# solar ready



## tomnjune (May 1, 2005)

hi
changed mh for autocruise startrail, really pleased with it overall. considering solar panel on roof, baffled with the claim its solar ready, handbook,(which covers all models ) says connection is in overhead locker ,which locker ??? searched high n low. 
any other startrail owners, 2010 model, can throw any light on the location, please,pretty please.

tomnjune


----------



## mickyloo (May 1, 2005)

Hi tomnjune

I have an Autotrail and my solar panel plugs into the electrical power unit which is made by Sargent. It's great because it decides whether to send charge to the engine battery or the two leisure batteries.

Maybe your Autocruise also has a Sargent unit, Visit sargentshop.co.uk for info or maybe the helpful man from Sargent will read your post

regards
mickyloo


----------



## drcotts (Feb 23, 2006)

Hello fellow startail owner

I think..but am not sure that theres a connection plug in the TV cabinet over the fridge. This is a conveinient point for the wiring which of course will come through the roof.
I had a my solar panel fitted but didnt use this feature and had it connected straight to the battery which you can of course do and the wiring can be run into the same cabinet and down the back of the fridge and across the entrance step via the alum running strip thats across the floor - and into the battery box so its not that difficult. You will lose the feature of charging the van battery when the leisure is full but thats all. you will still be able to monitor the state of both batteries via the panel. 

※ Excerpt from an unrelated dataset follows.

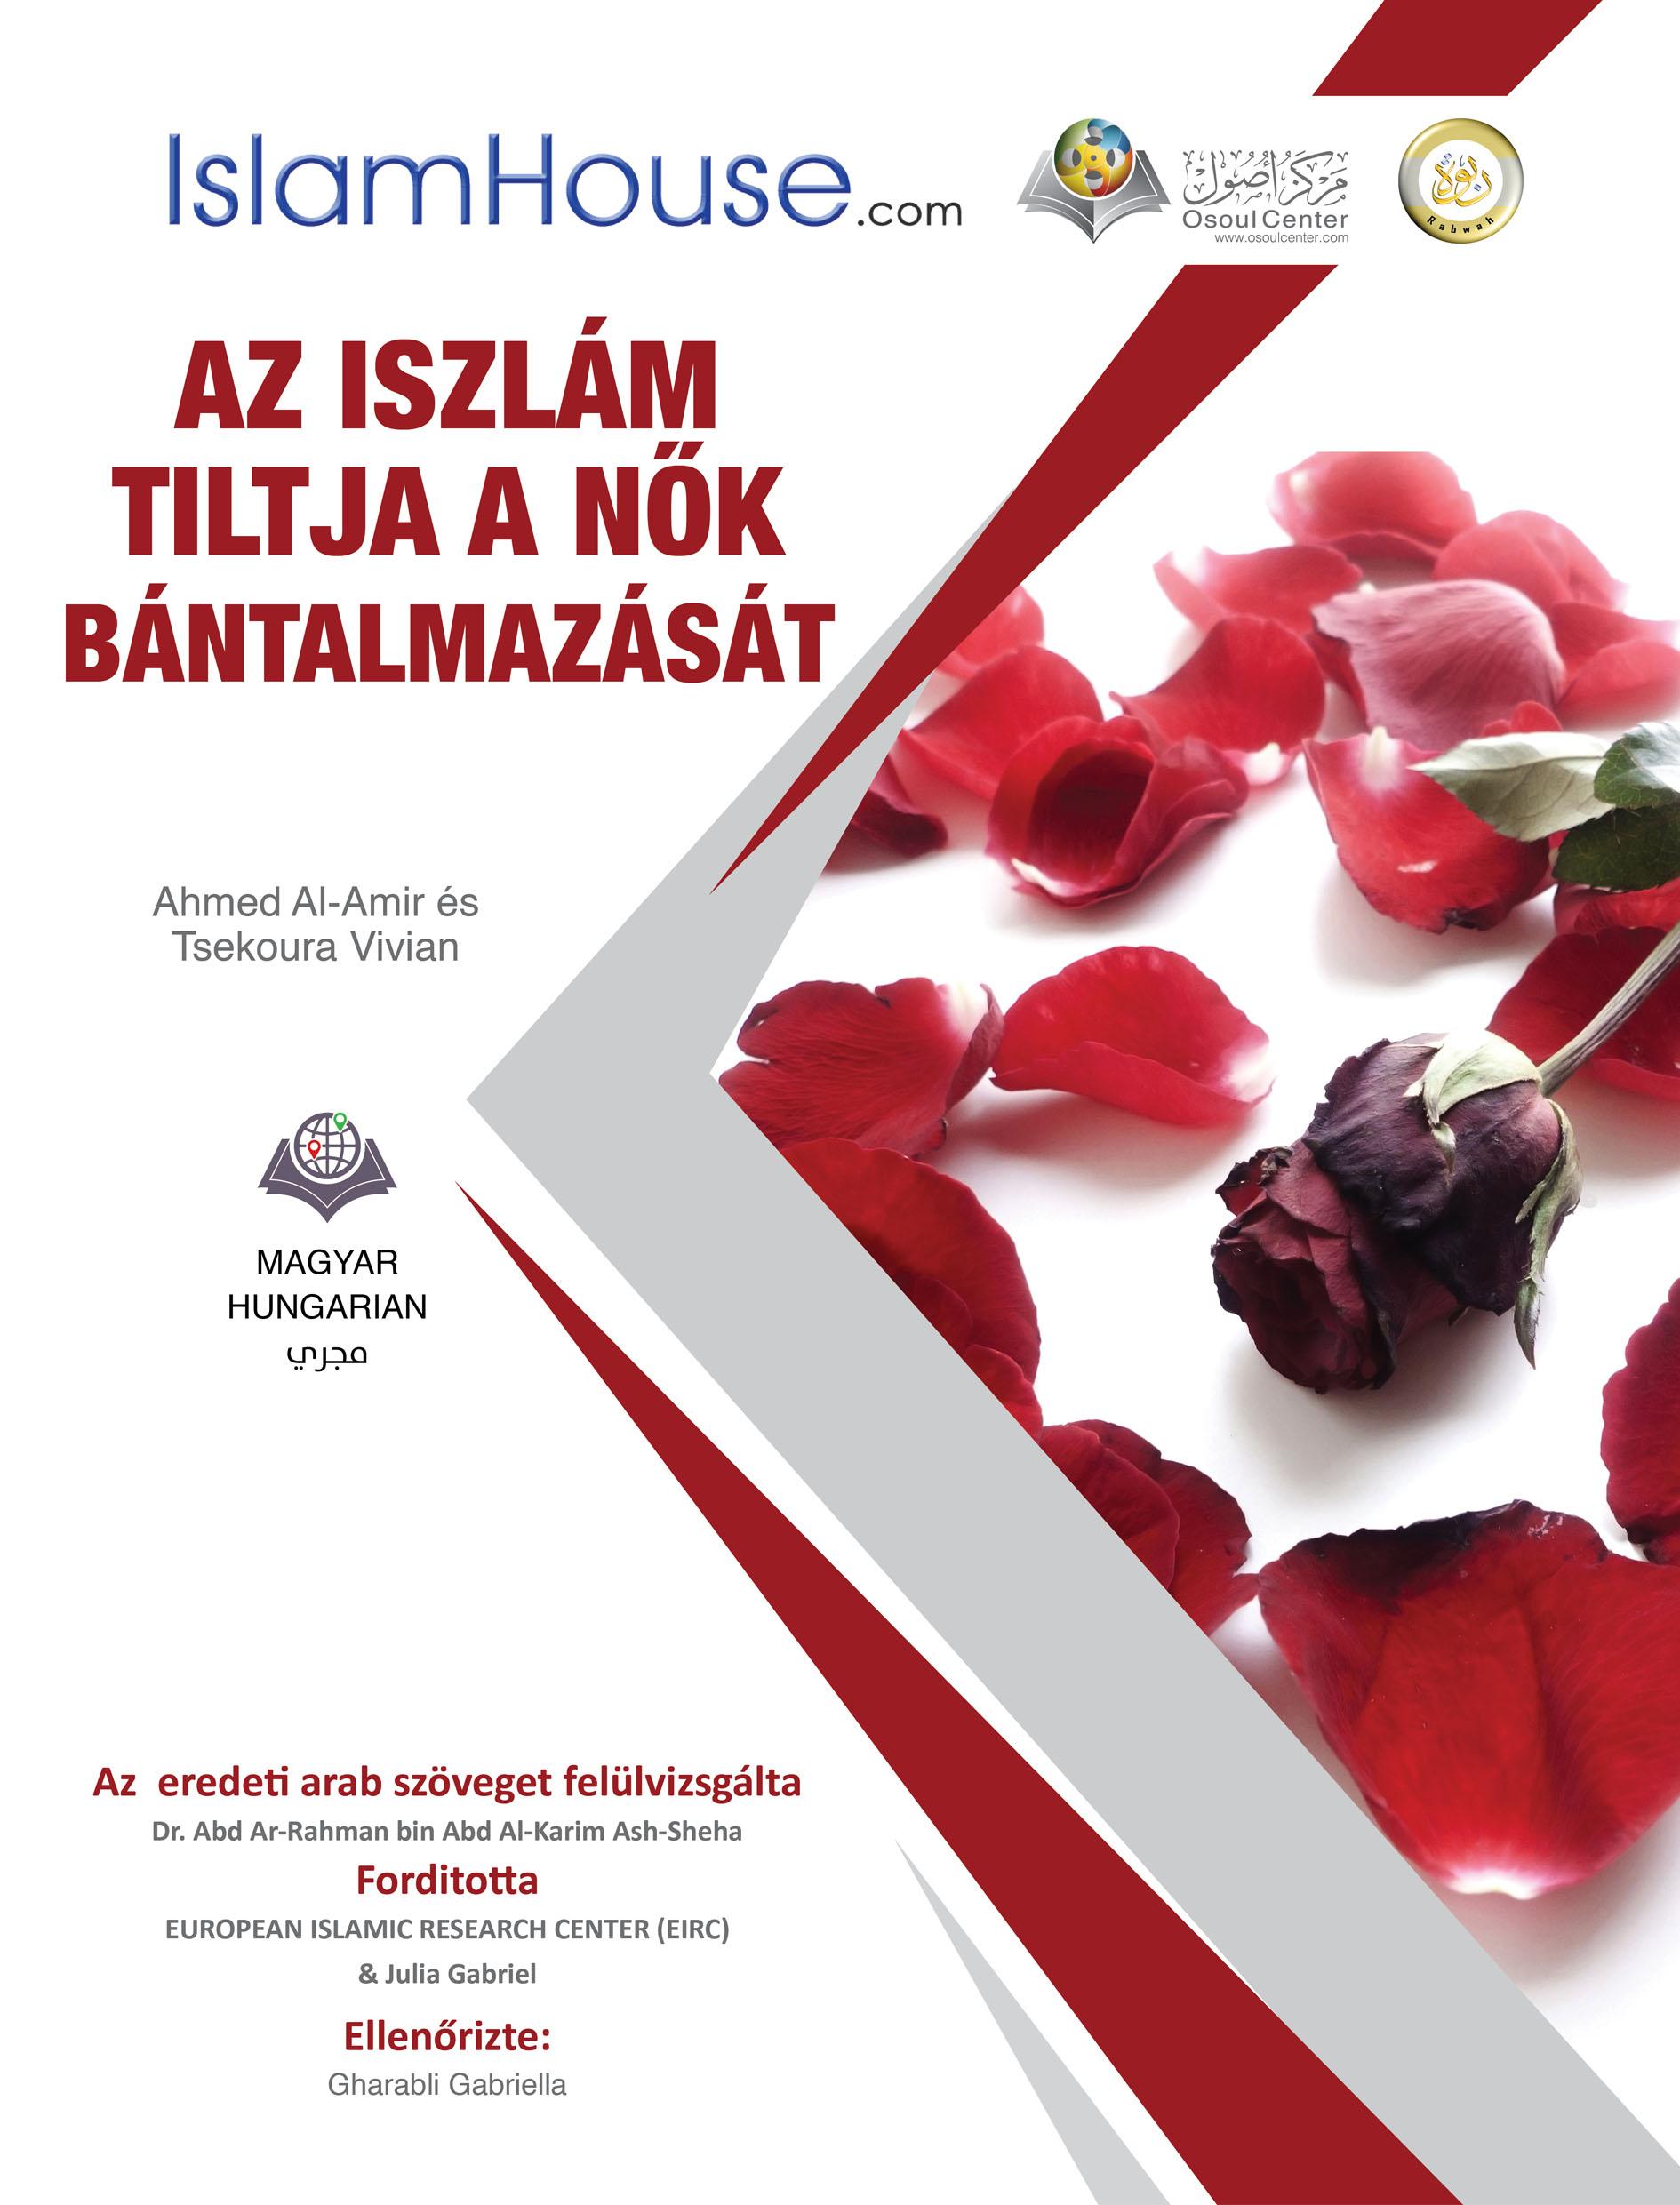 Beating Women is Forbidden in Islam (Hungarian language)
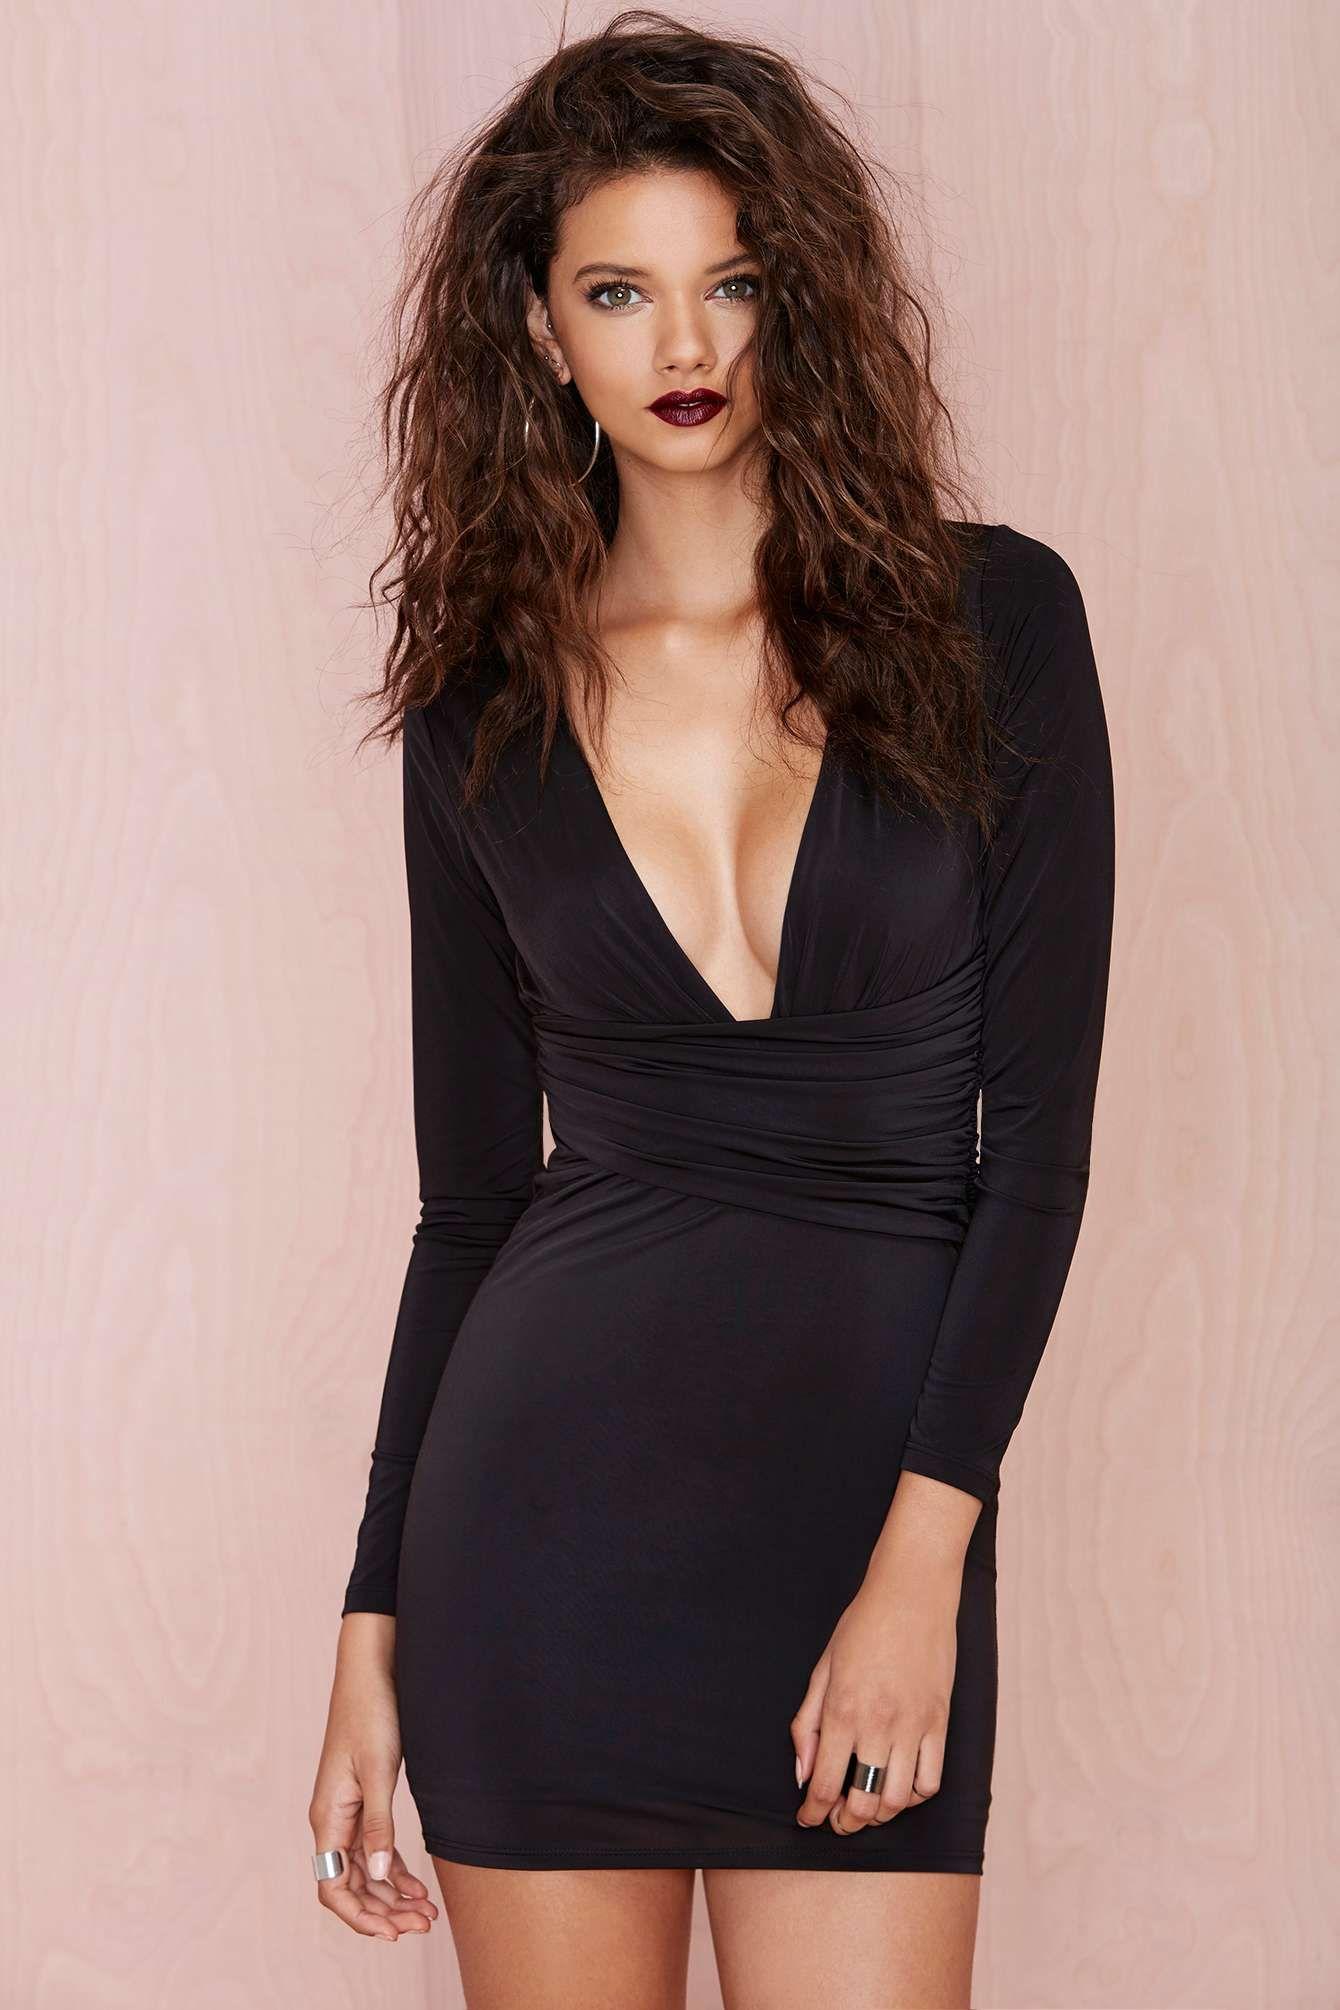 Nasty gal alina dress shop dresses at nasty gal imagenes

If you contact autocruise they should tell you where the plug is for certain as most dealers ...i say most not all dont know where it is either. An AC dealer fitted mine..

Good luck with the ST 

Phill


----------



## GerryD (Sep 20, 2007)

If it is a new Startrail, which is based on the Swift Sundance, there is a lead possibly hidden behind a removable panel in the corner of the cupboard where the main power unit is. The lead terminates in a small 2pin connection.
Gerry


----------



## tomnjune (May 1, 2005)

hi

thanks for replies, going into van to investigate further, checking cupboard above fridge first, there is wiring in there, but sure nothing was terminating in block connector,as stated in handbook.

it is a sargent unit, if i cant find, i will give them a call, or go the way of drcotts and wire to leisure batt.

thanks again.

tomnjune


----------



## Techno100 (May 8, 2010)

may need one of these?
http://www.ebay.co.uk/itm/230583080...AX:IT&_trksid=p3984.m1423.l2649#ht_3468wt_910


----------